What you will do:
Would you write out the full listing exactly, without any pictures?

Input data:
╭──

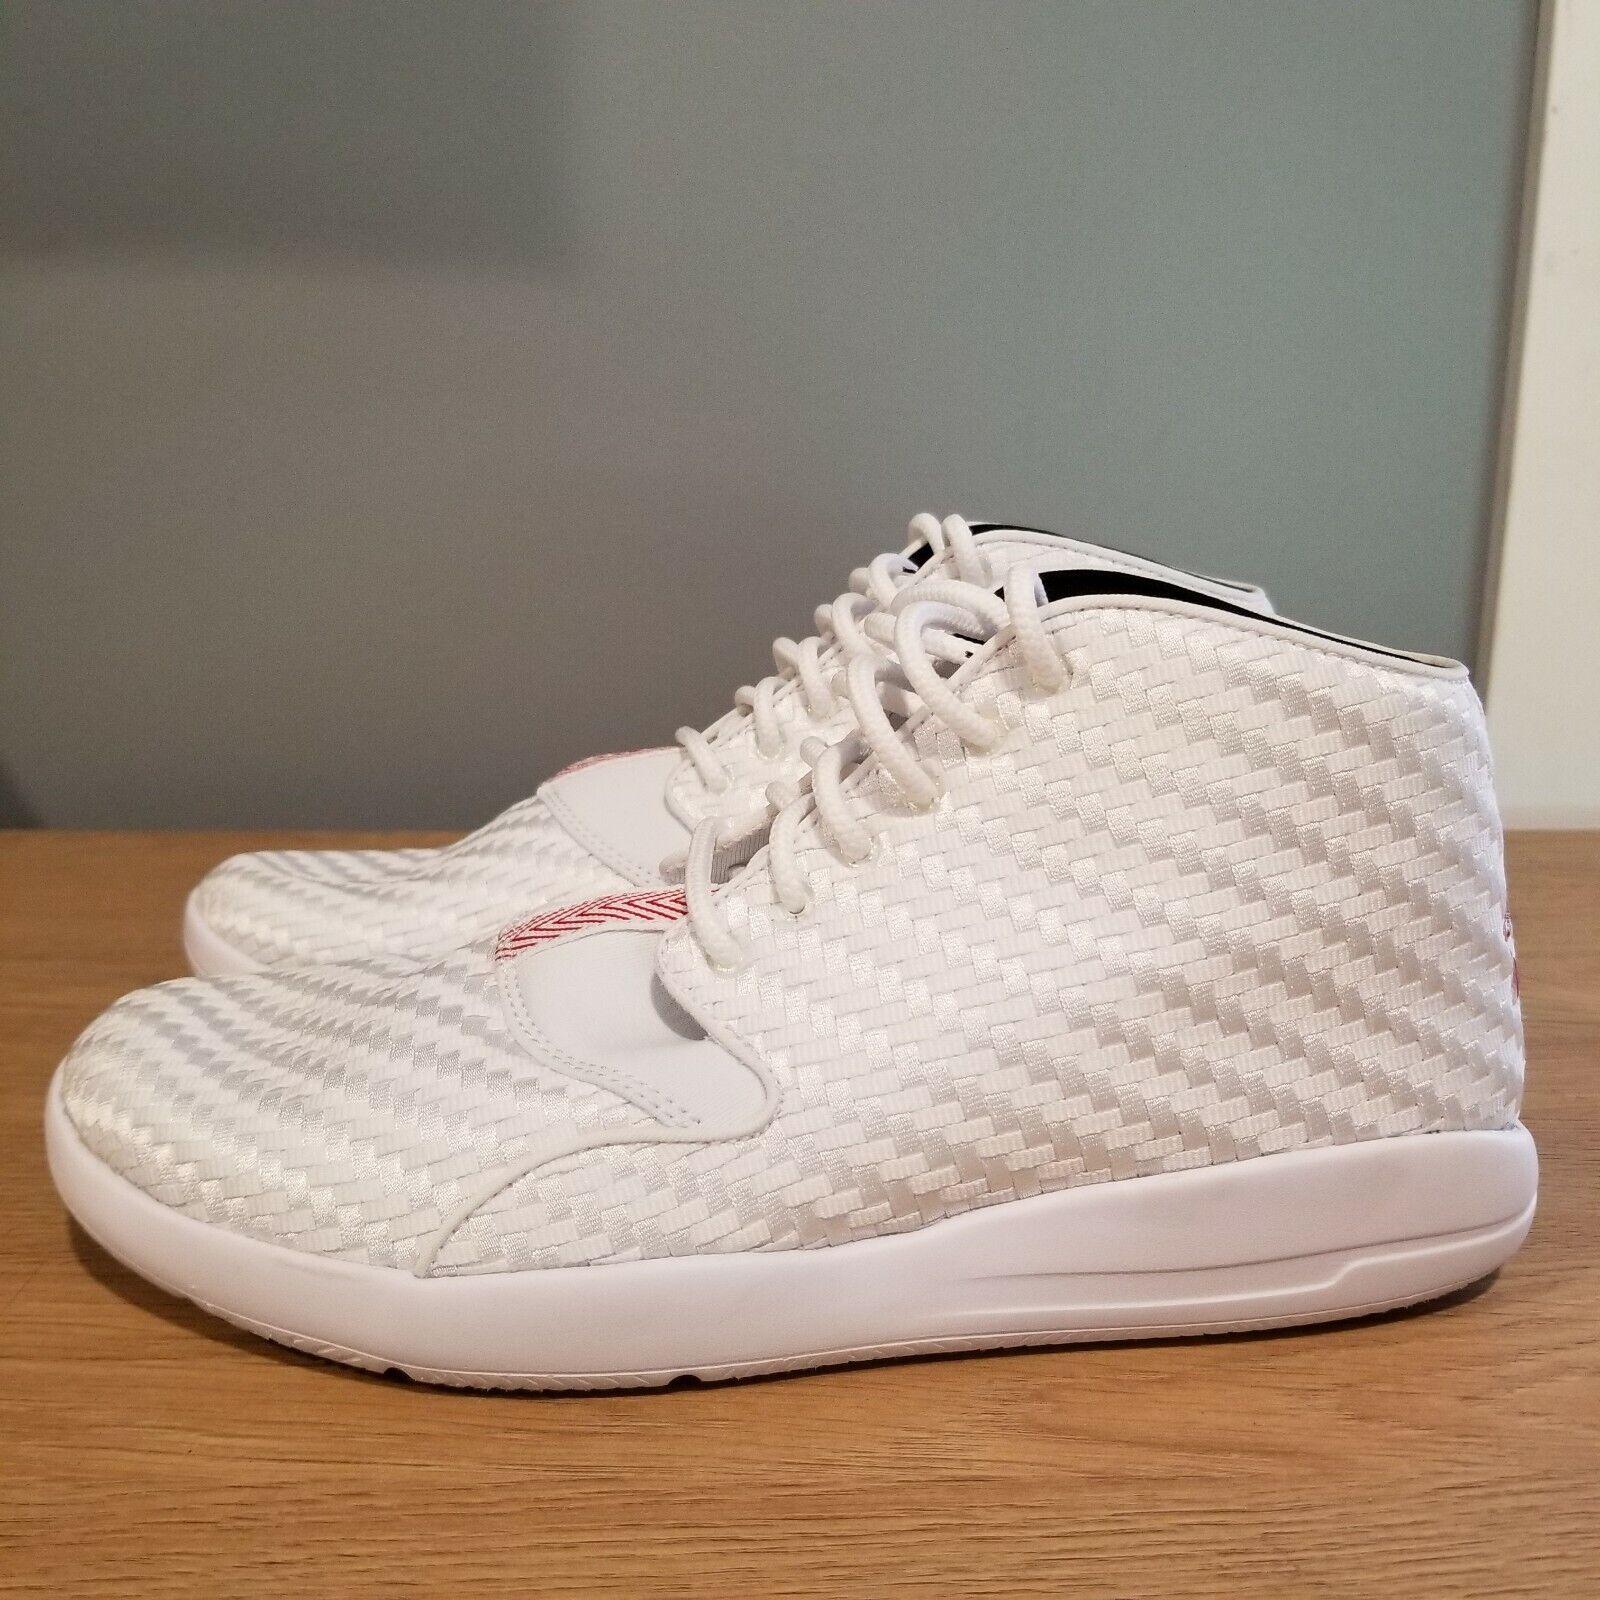 Nike Jordan Eclipse Chukka Mens Size 10
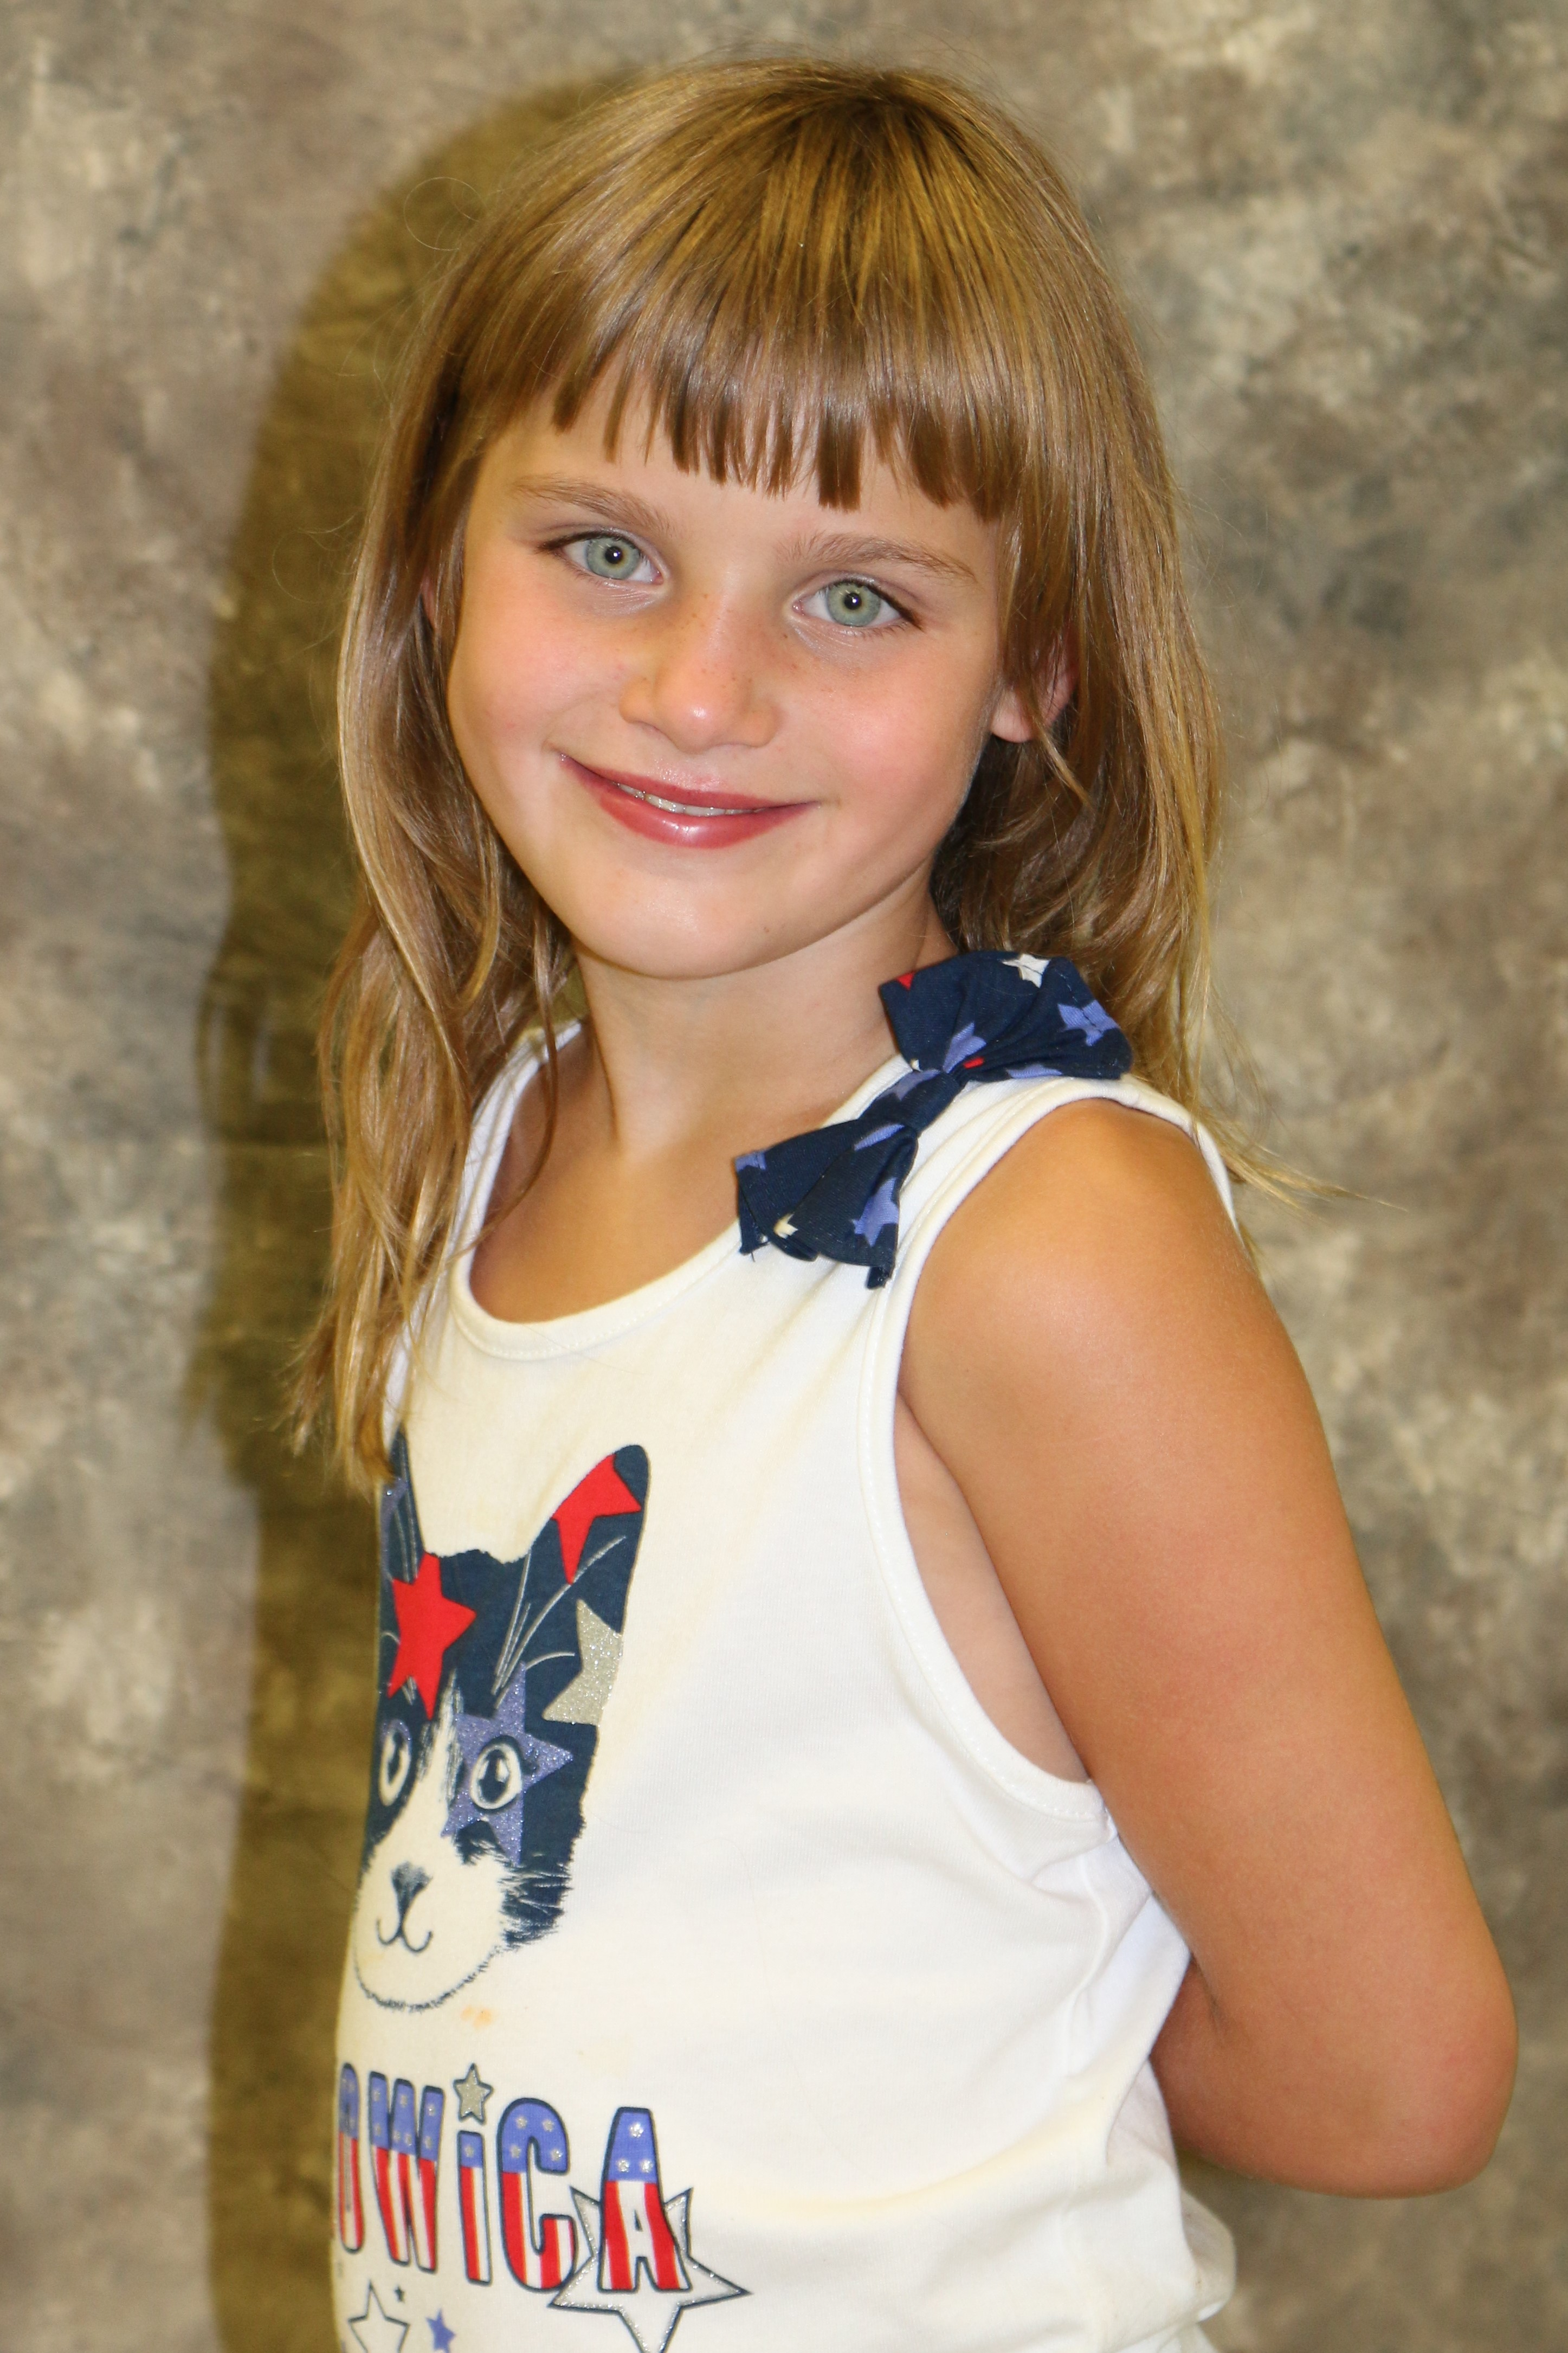 Little Miss Contestant - Marjorie Stock 8
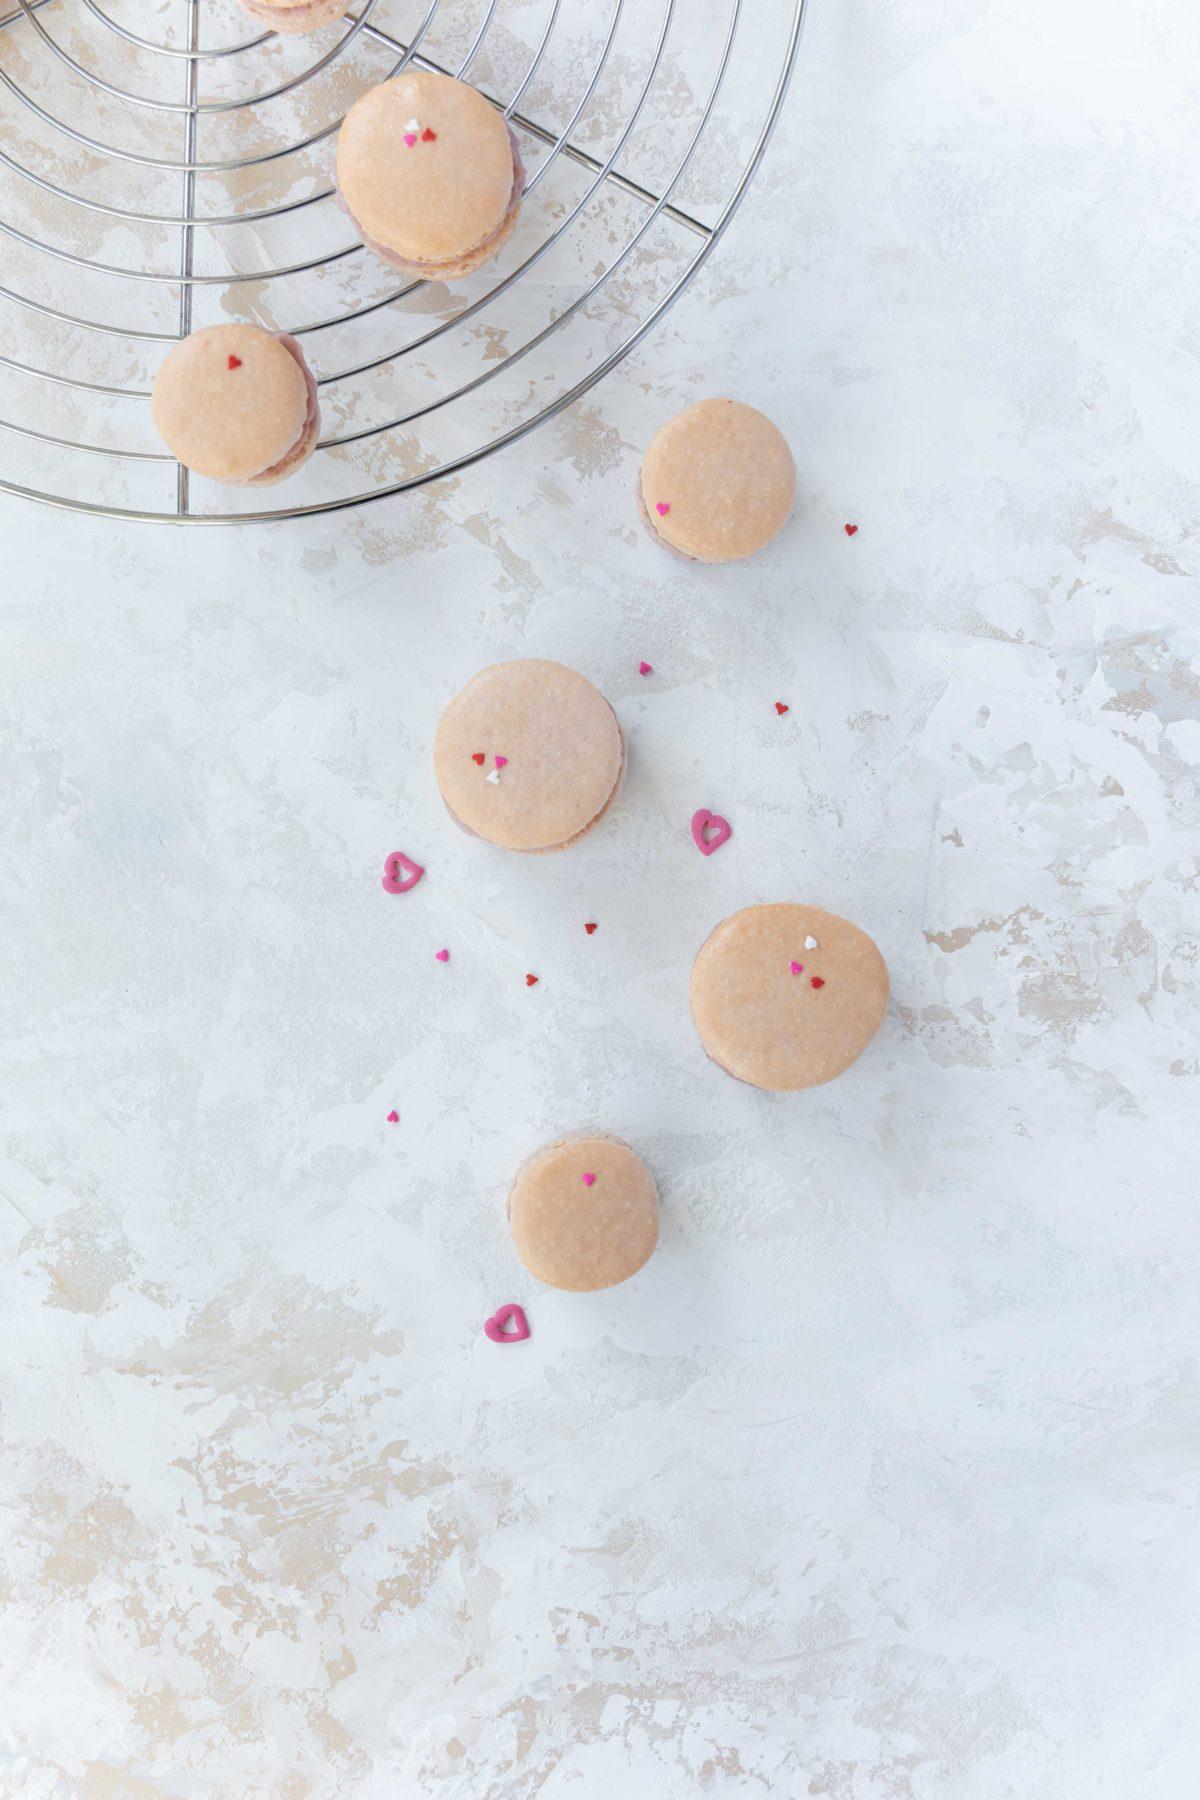 Himbeer Macarons zum Valentinstag / raspberry Macarobs for valentines day by https://babyrockmyday.com/himbeer-macarons/

╰──

Written answer:
 Nike Jordan Eclipse Chukka Mens Size 10
 Little Miss Contestant - Marjorie Stock 8
 Himbeer Macarons zum Valentinstag / raspberry Macarobs for valentines day by https://babyrockmyday.com/himbeer-macarons/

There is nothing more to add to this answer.